This was not the script – Steve Clarke must not have received it. This was to be Brendan Rodgers announcing himself as the new messiah at Liverpool with his fresh brand of football to revolutionise the club.
After a Daniel Agger red card, two penalties and a bunch of missed opportunities, travelling fans were left gesticulating in anguish at the end. It may as well have been Kenny in the dugout.
It had taken the buoyant visiting contingent just seven minutes to proclaim that there is "only one" of their manager. Hopefully, for Rodgers' sake, the supporters' adoration continues. The slump in Premier League performance and position over the last few years would not be fixable on just the one afternoon at the Hawthorns. Nor would a crushing defeat bludgeon hope. This is a "project" and one which is not defined in a 90 minutes of slight misfortune and poor finishing.
"I thought the scoreline and the two [penalty] decisions were harsh," Rodgers said. "We looked like we were going to get the first goal. When we were chasing the game it became difficult."
He added: "It is a marathon," pointing towards work-in-progress. "I've heard a lot said about patience, but we have to win games. It was a bad day at the office. I thought they were showing signs that they coped well with the ideas."
That said, the Swansea-like approach looked like offering an impressive new dawn earlier in the piece, suggesting that encouraging times may not be too far away for a squad with undeniable ability scorching through its core. Joe Allen provided depth to the midfield three and with games should supplement Lucas well in a team insistent on keeping the ball.

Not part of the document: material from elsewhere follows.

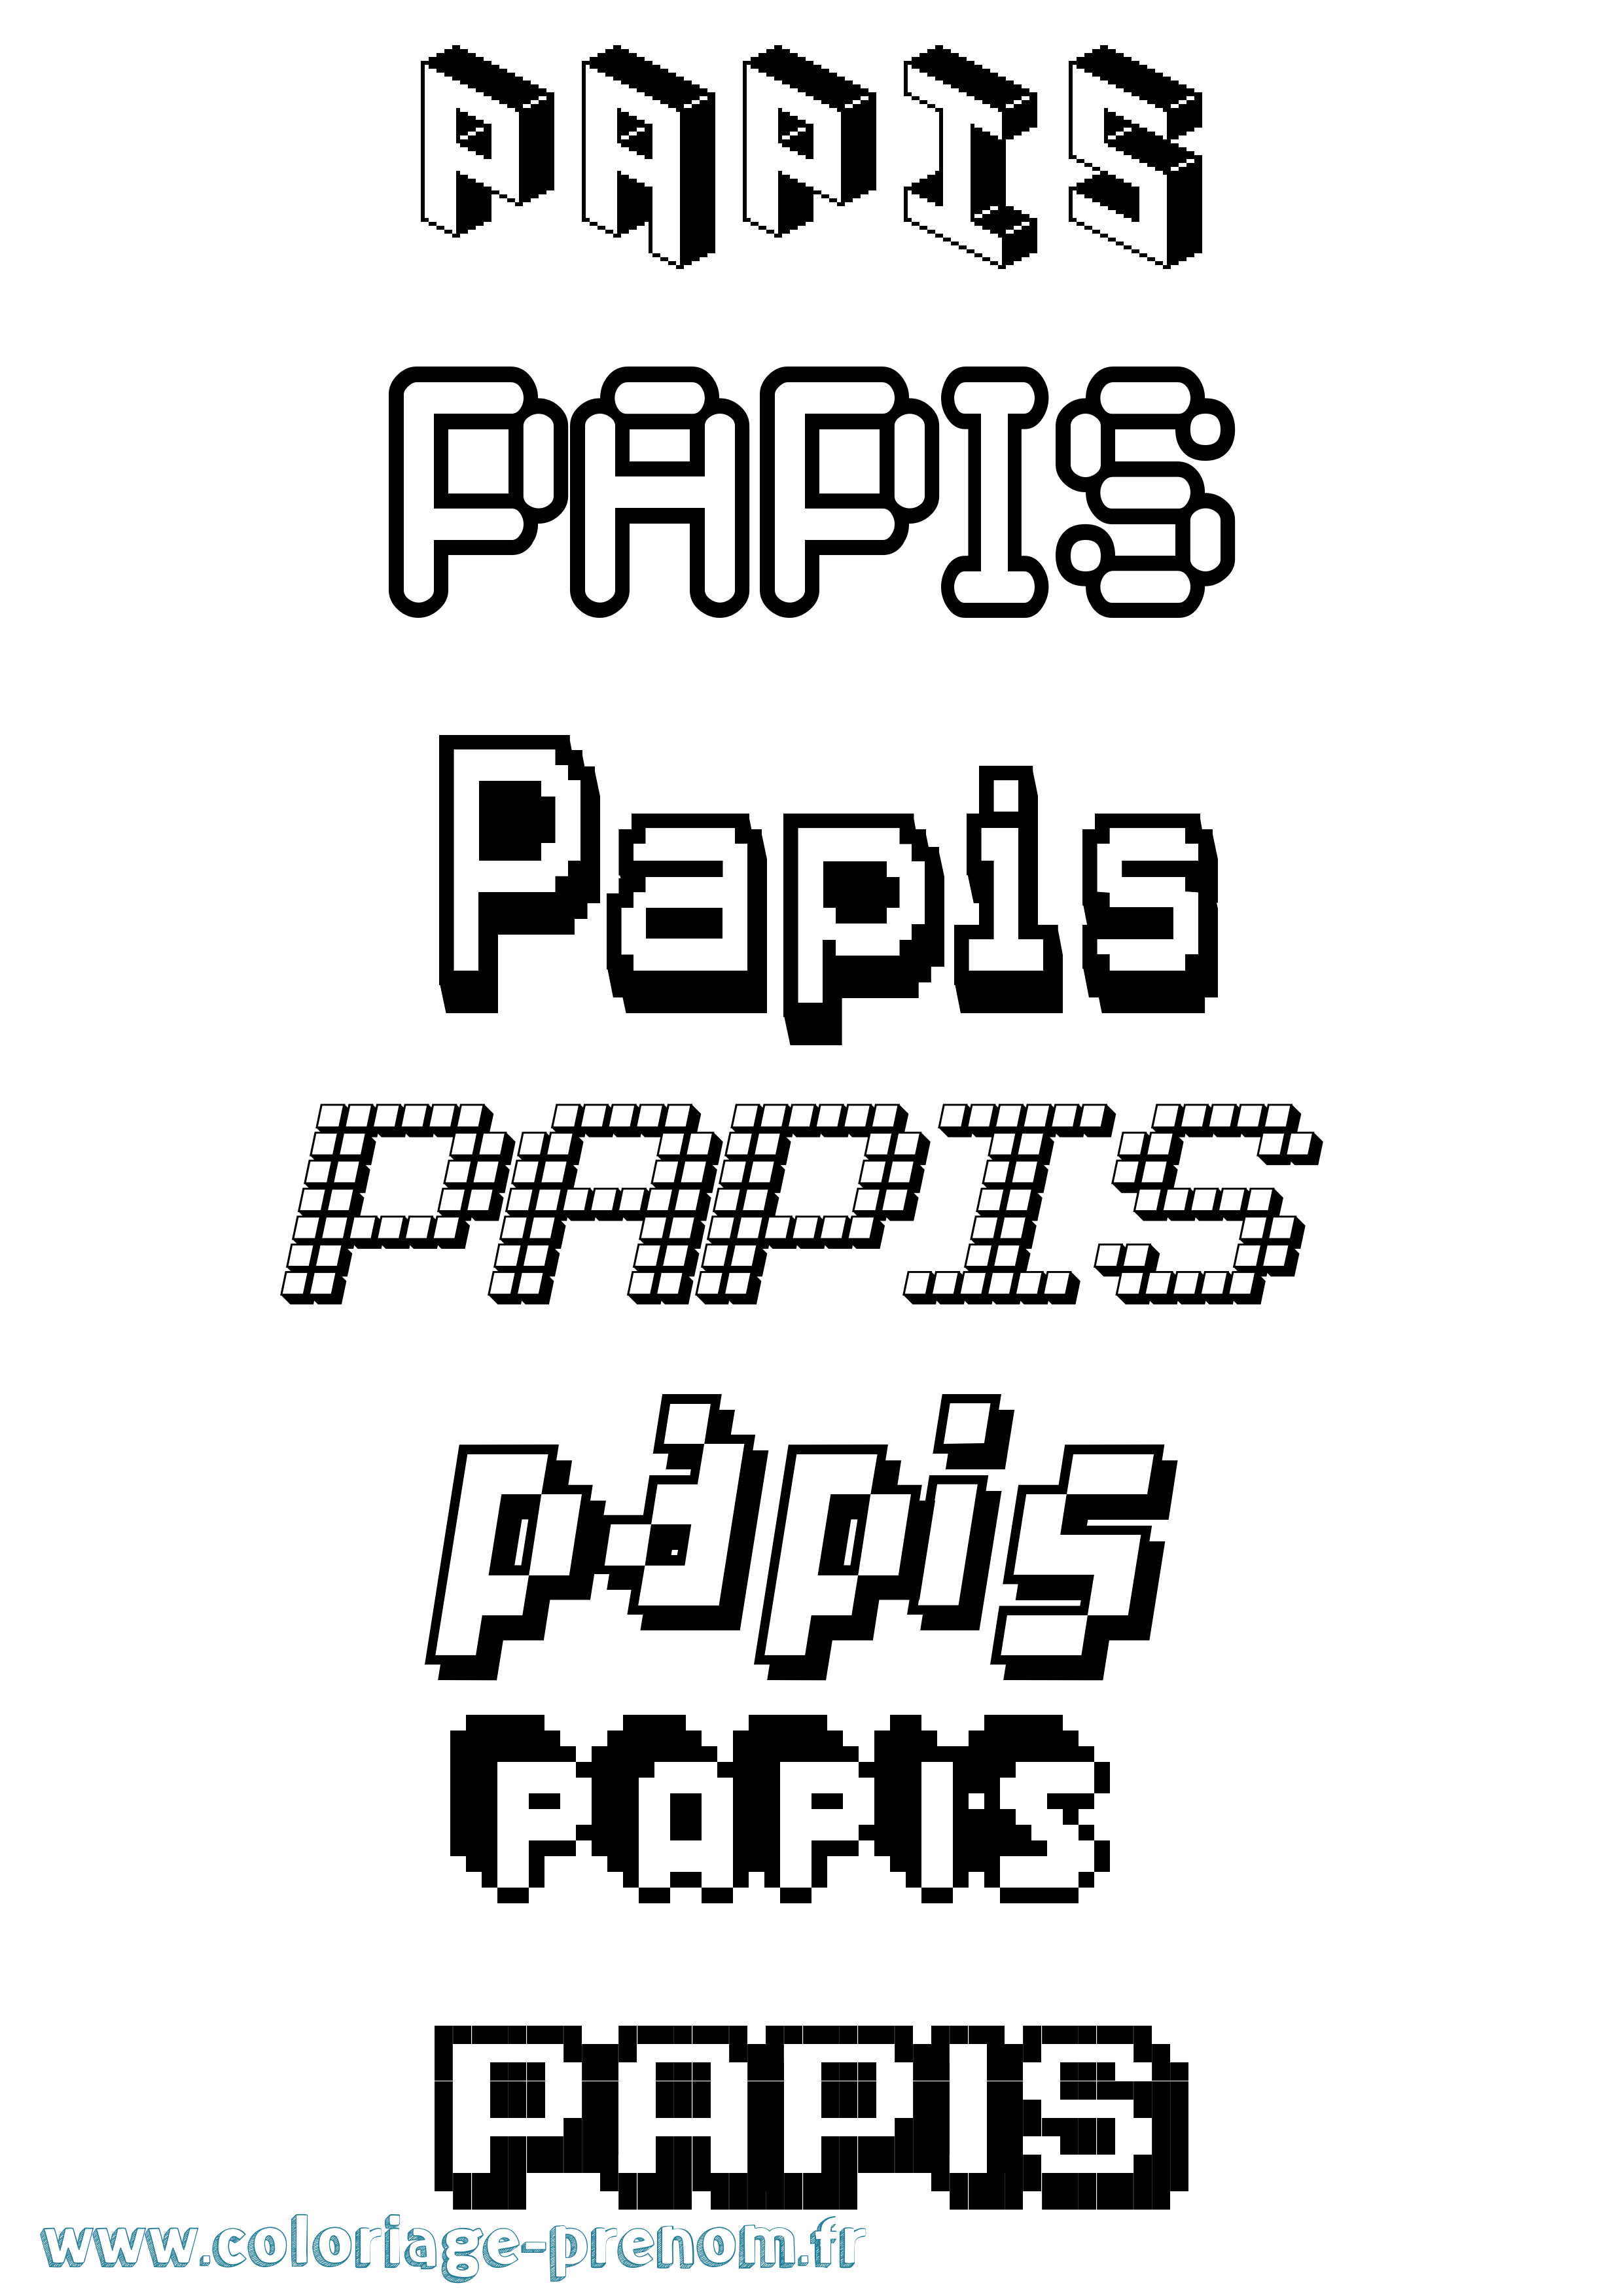 Coloriage prénom Papis Pixel

Luis Suarez stung the palms of Ben Foster and should have done far better when picked out by Glen Johnson four yards out, but his header flew over a gaping goal. The striker was to go on and miss several more.
Although always a lingering threat, Suarez didn't produce the real standout moment of quality in an engaging opening fixture. That accolade was reserved solely for Zoltan Gera. The winger, back in the Albion side after a horrific run of injuries, loitered on the edge of the Liverpool box hoping to pick up a second ball from a corner. That he did: the first touch to tee himself up and the second a vicious 25-yard half-volley which flew beyond the despairing Pepe Reina. It was the first time Gera has netted in the league since November 2010, and he celebrated like it too. The kit sponsors, Zoopla, have promised to give £1,000 to charity for every goal this season. For Gera's stunner, they possibly ought to double that offer.
Clarke, the new man in charge of the Baggies, saw his side follow instructions to the letter in a winning blend of bustling midfield play and purity in possession – following on from his predecessor Roy Hodgson. They have recruited quietly and with minimal fuss – an attitude encapsulated by the operation of a new holding spoiler in Claudio Yacob, who did an excellent marshalling job on Steven Gerrard.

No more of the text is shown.